What you need to do => Pictures are to be left out, and only the lines below starting at the one with "Dise?o de camiseta" and ending at the one with "Tall Honeycomb Pen" are to be reproduced, each exactly, both ends included.

Dataset content =>
__________
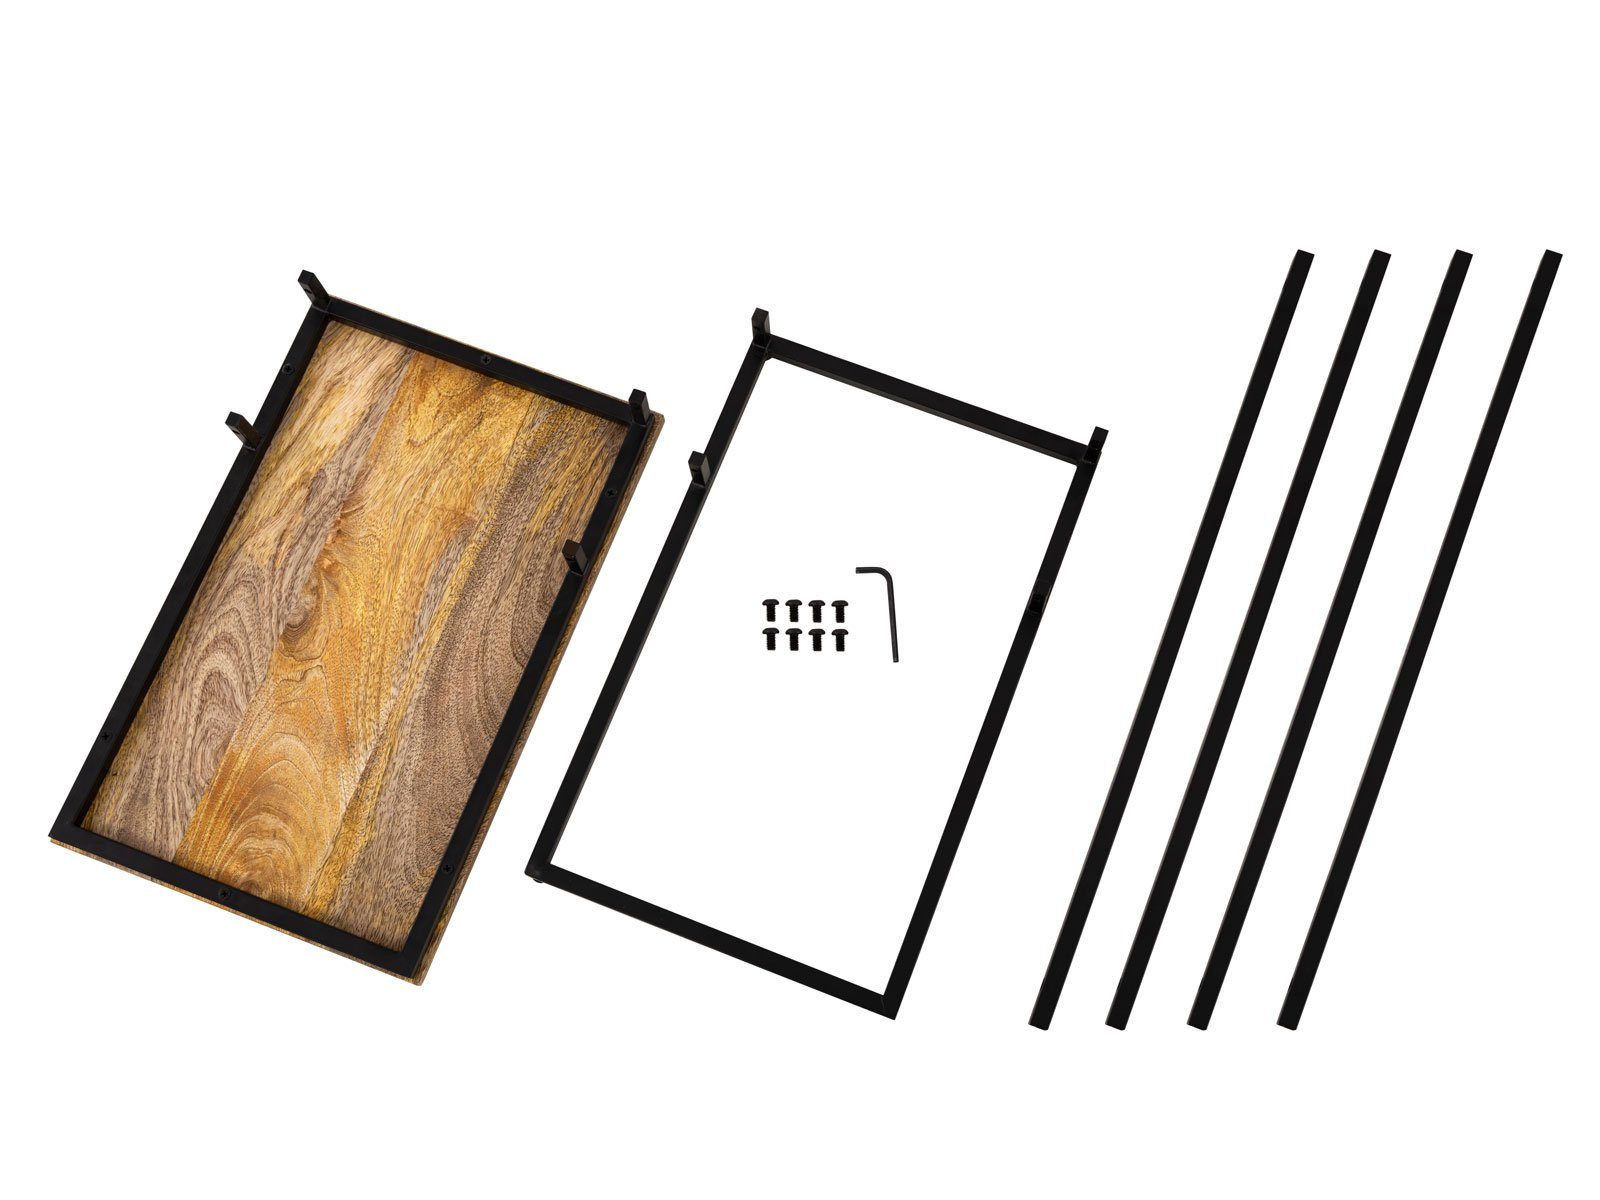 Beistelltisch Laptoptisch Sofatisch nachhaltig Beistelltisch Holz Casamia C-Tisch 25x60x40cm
__________
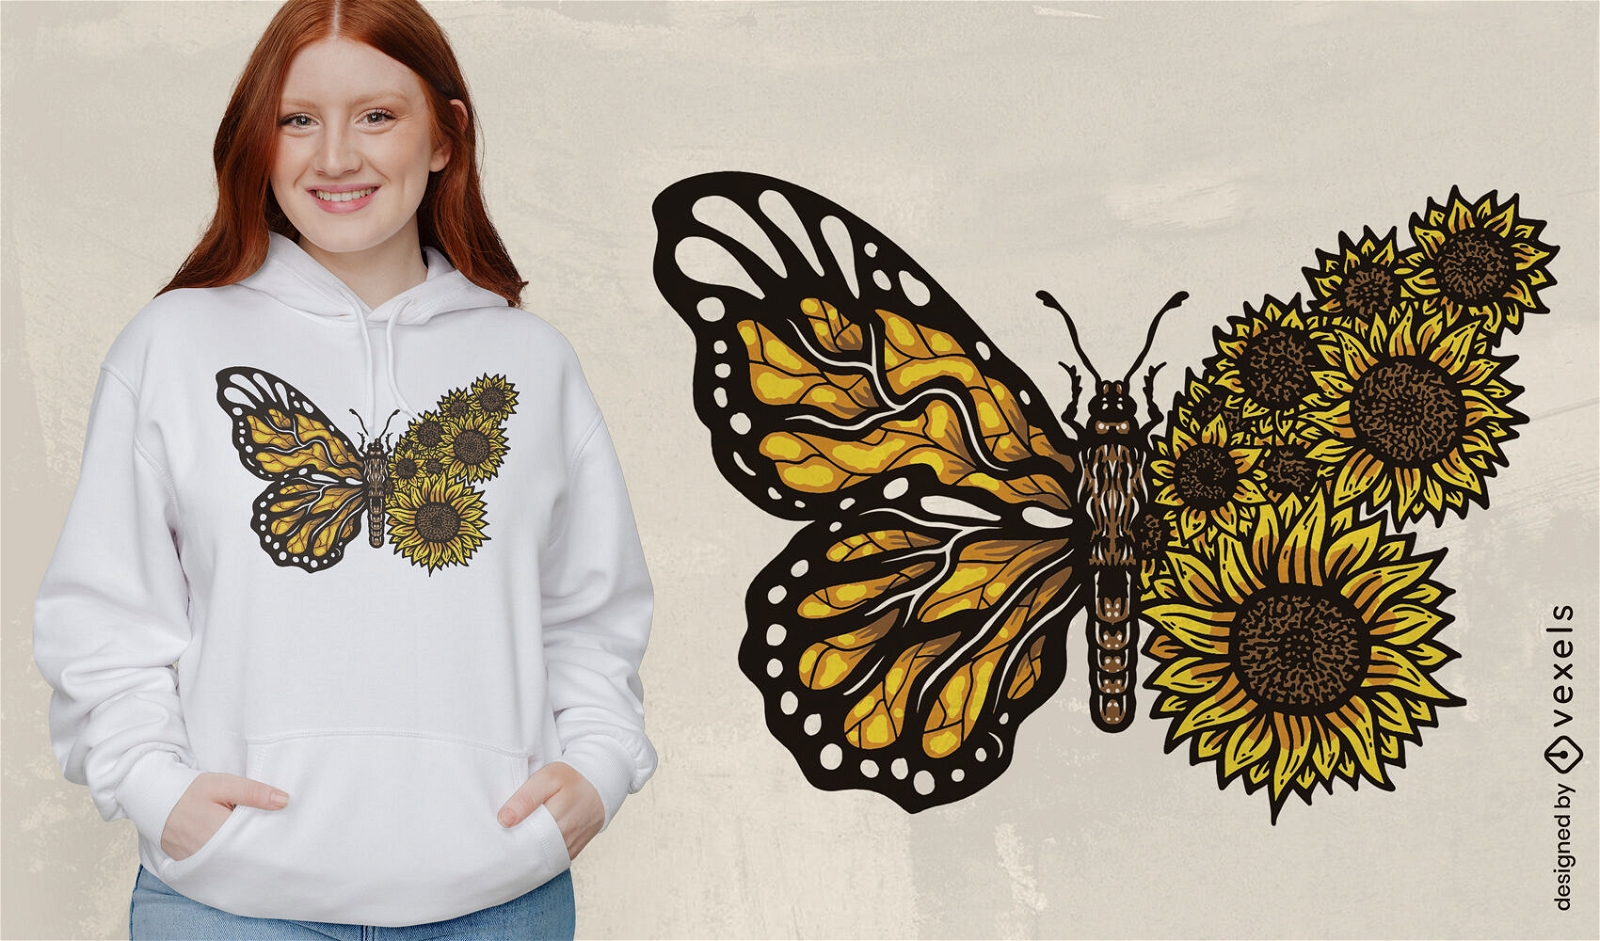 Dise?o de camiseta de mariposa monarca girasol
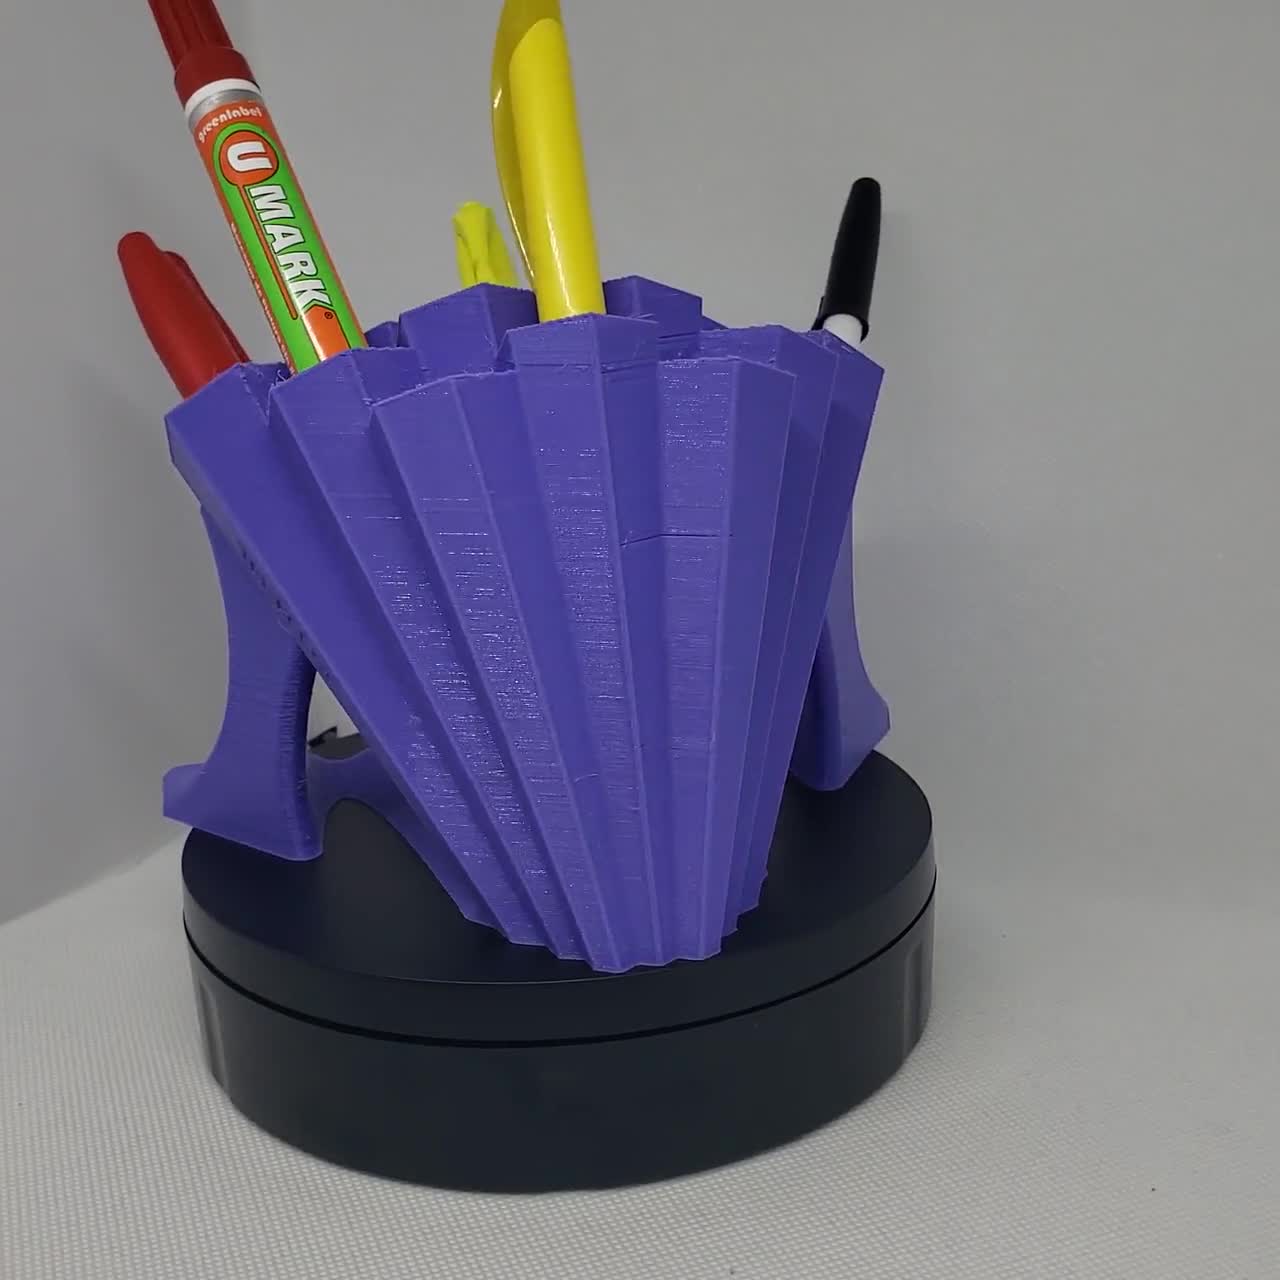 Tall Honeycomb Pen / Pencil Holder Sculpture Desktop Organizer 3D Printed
__________
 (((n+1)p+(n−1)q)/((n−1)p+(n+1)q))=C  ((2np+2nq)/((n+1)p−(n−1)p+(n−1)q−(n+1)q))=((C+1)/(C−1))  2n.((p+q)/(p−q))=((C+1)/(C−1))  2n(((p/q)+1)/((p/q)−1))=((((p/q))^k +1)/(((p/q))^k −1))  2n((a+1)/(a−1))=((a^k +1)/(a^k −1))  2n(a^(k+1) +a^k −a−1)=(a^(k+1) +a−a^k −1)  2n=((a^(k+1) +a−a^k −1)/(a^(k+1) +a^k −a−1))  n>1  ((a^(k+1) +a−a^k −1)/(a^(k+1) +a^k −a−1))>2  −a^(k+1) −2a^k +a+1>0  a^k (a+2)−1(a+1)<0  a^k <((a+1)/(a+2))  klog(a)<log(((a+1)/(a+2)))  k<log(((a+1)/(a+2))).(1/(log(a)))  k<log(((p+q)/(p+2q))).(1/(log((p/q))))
__________
Answer space =>
 Dise?o de camiseta de mariposa monarca girasol
 Tall Honeycomb Pen / Pencil Holder Sculpture Desktop Organizer 3D Printed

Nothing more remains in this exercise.